Activity:
Repeat all of the data below word for word, keeping no images.

Input data:
= = = =

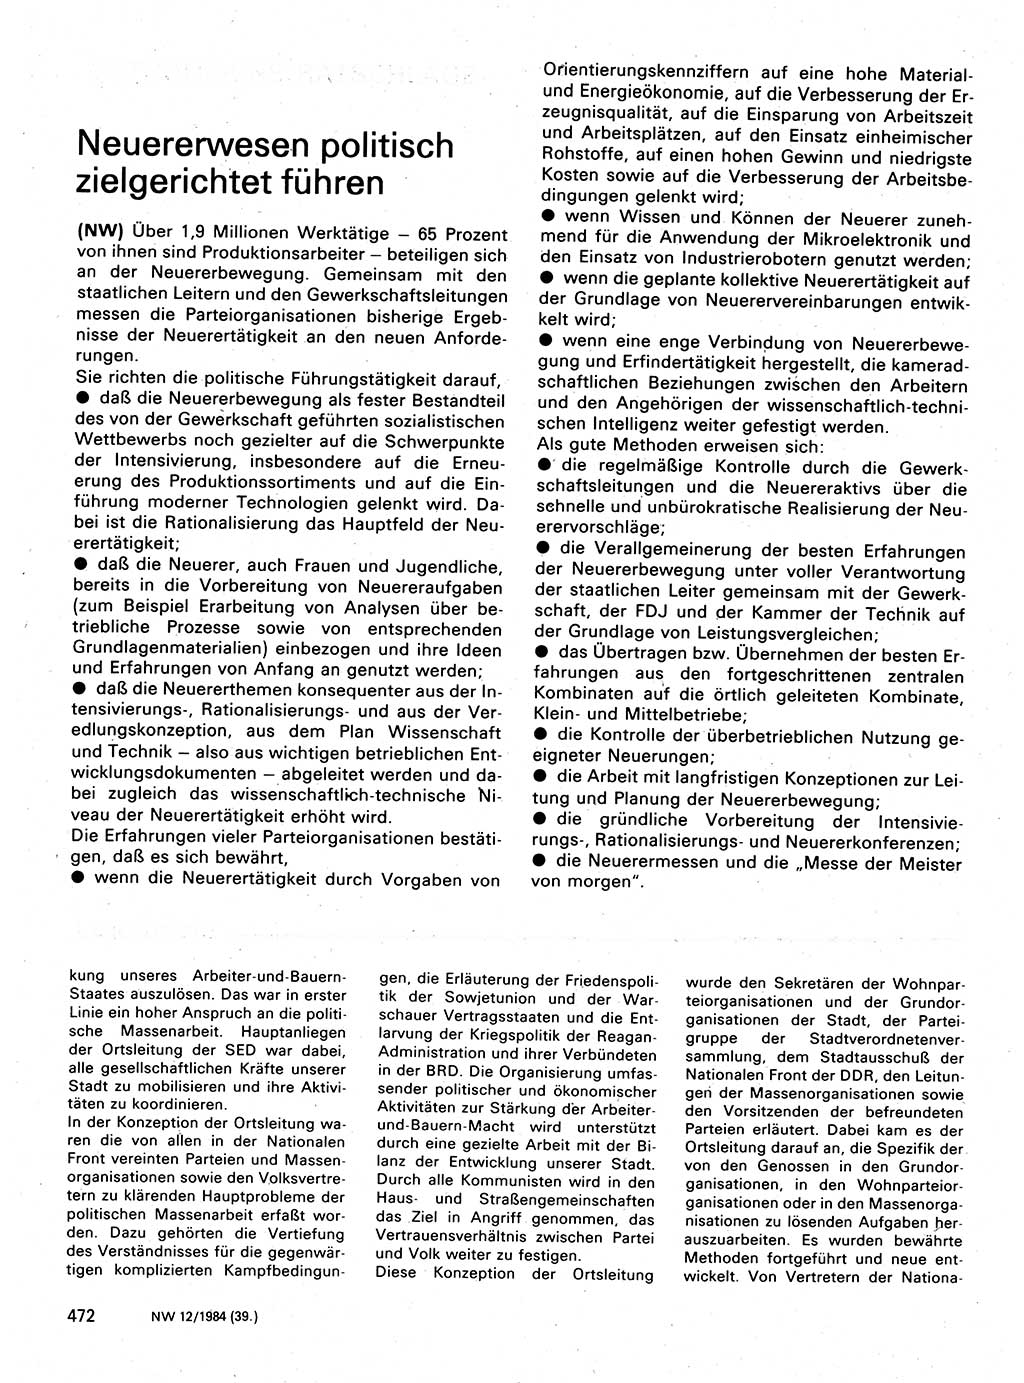 Neuer Weg (NW), Organ des Zentralkomitees (ZK) der SED (Sozialistische Einheitspartei Deutschlands) für Fragen des Parteilebens, 39. Jahrgang [Deutsche Demokratische Republik (DDR)] 1984, Seite 472 (NW ZK SED DDR 1984, S. 472)
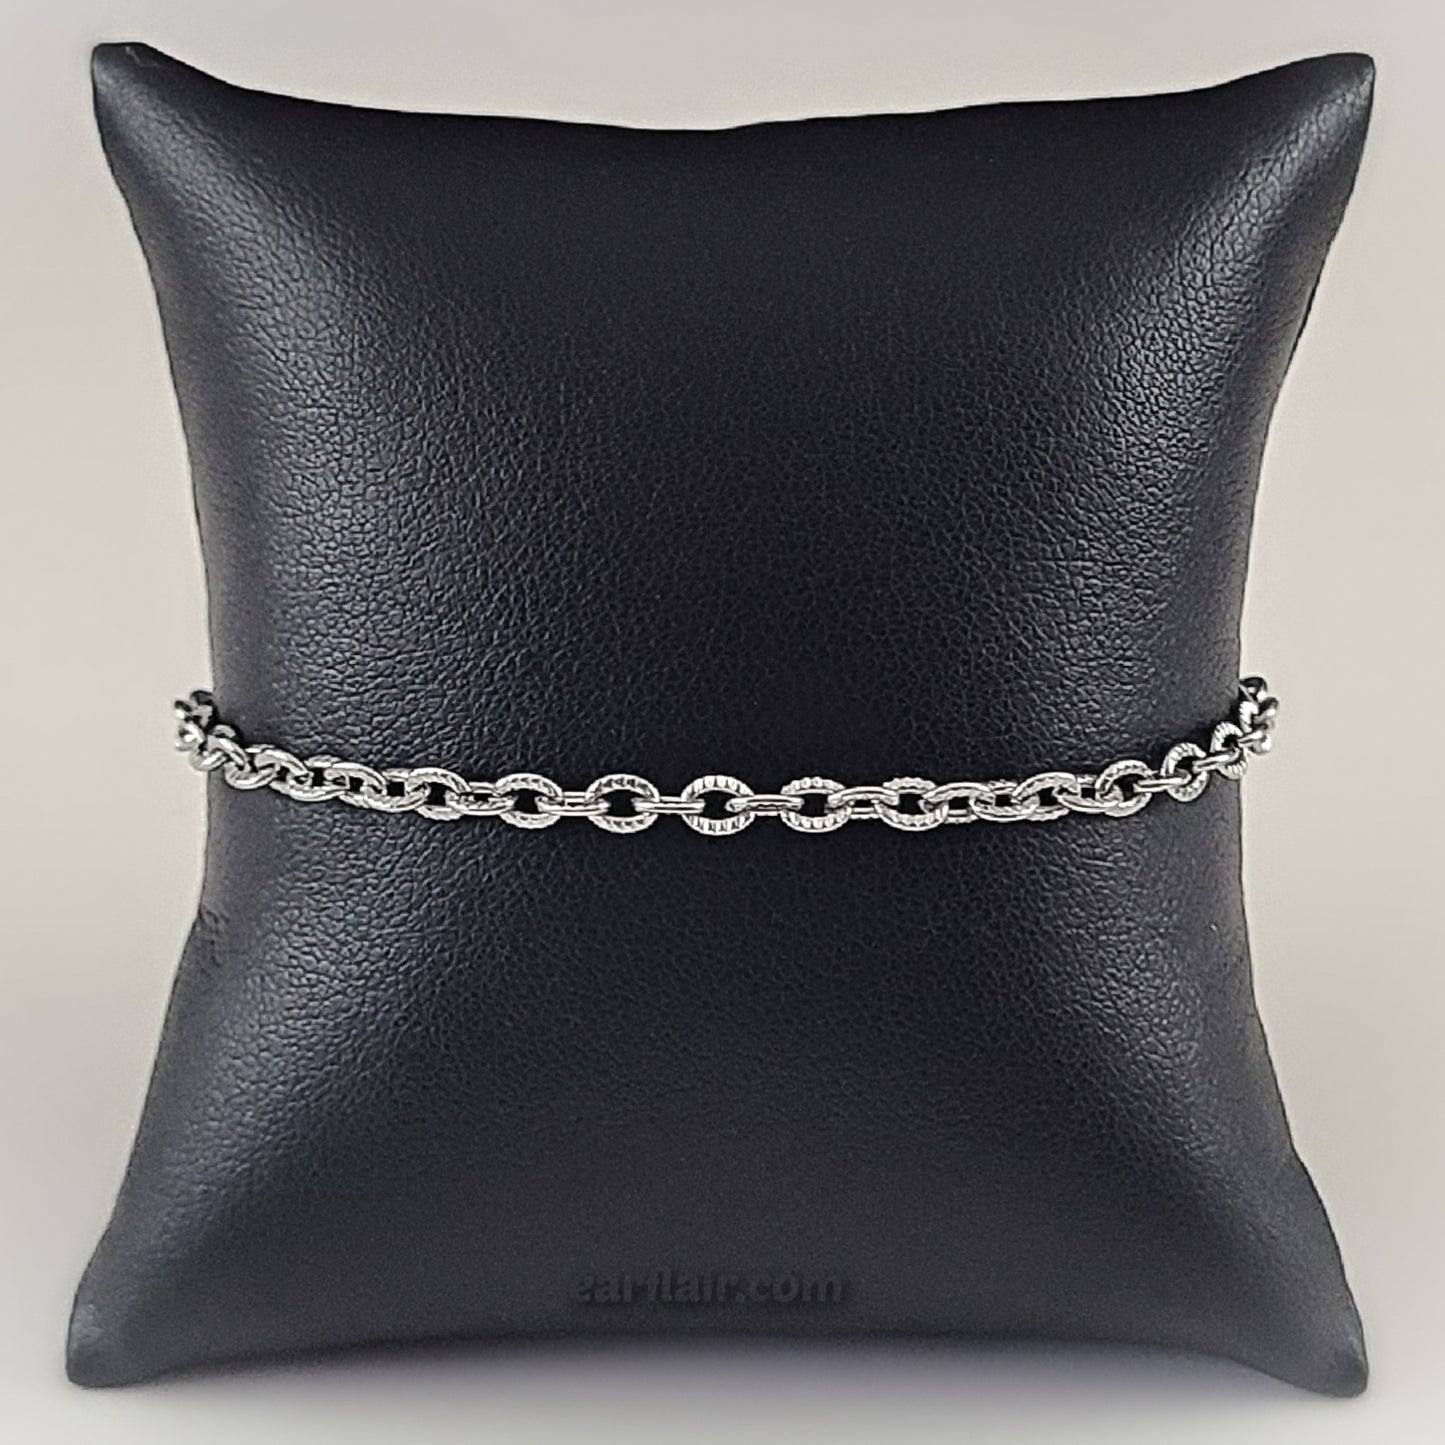 Stainless Steel Adjustable Textured Oval Bracelet / Anklet
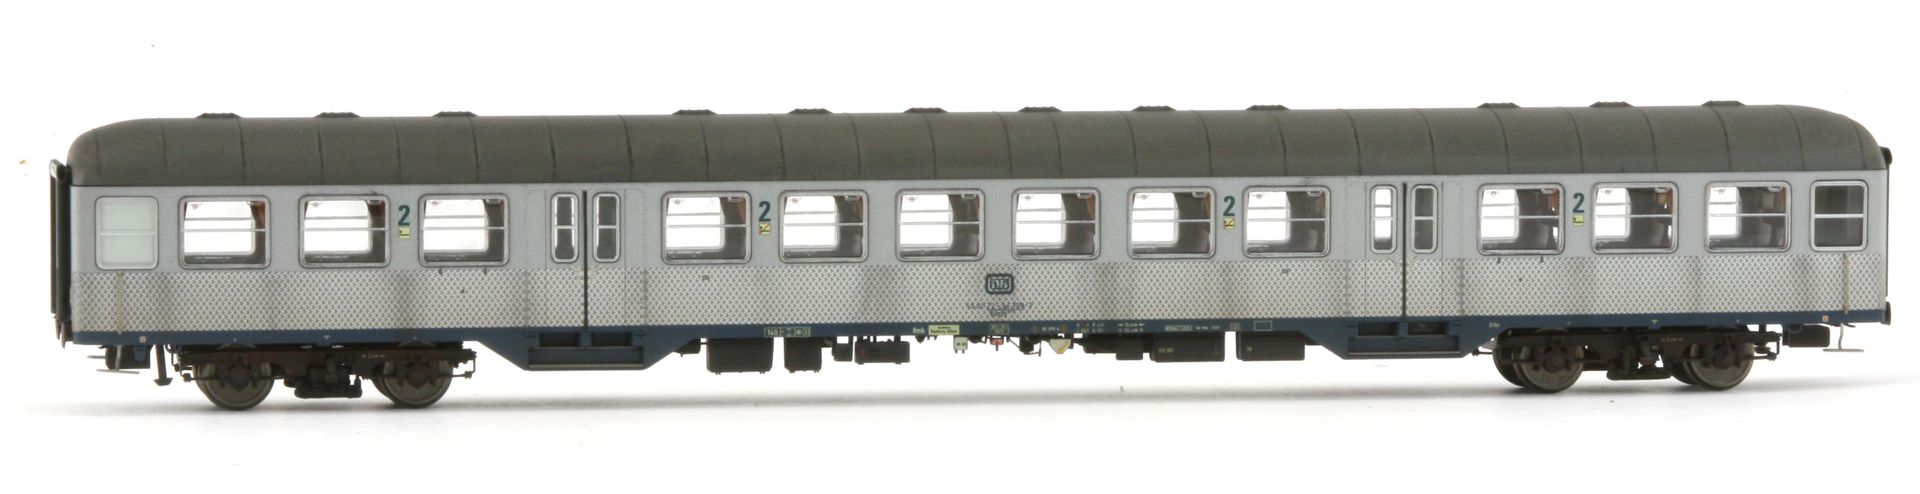 Saxonia 87053 - 4er Set Personenwagen 'Silberlinge', DB, Ep.IV, mit. Innenbel., gealtert

= = = =

Task result:
 Neuer Weg (NW), Organ des Zentralkomitees (ZK) der SED (Sozialistische Einheitspartei Deutschlands) für Fragen des Parteilebens, 39. Jahrgang [Deutsche Demokratische Republik (DDR)] 1984, Seite 472 (NW ZK SED DDR 1984, S. 472)
 Stainless Steel Adjustable Textured Oval Bracelet / Anklet
 Saxonia 87053 - 4er Set Personenwagen 'Silberlinge', DB, Ep.IV, mit. Innenbel., gealtert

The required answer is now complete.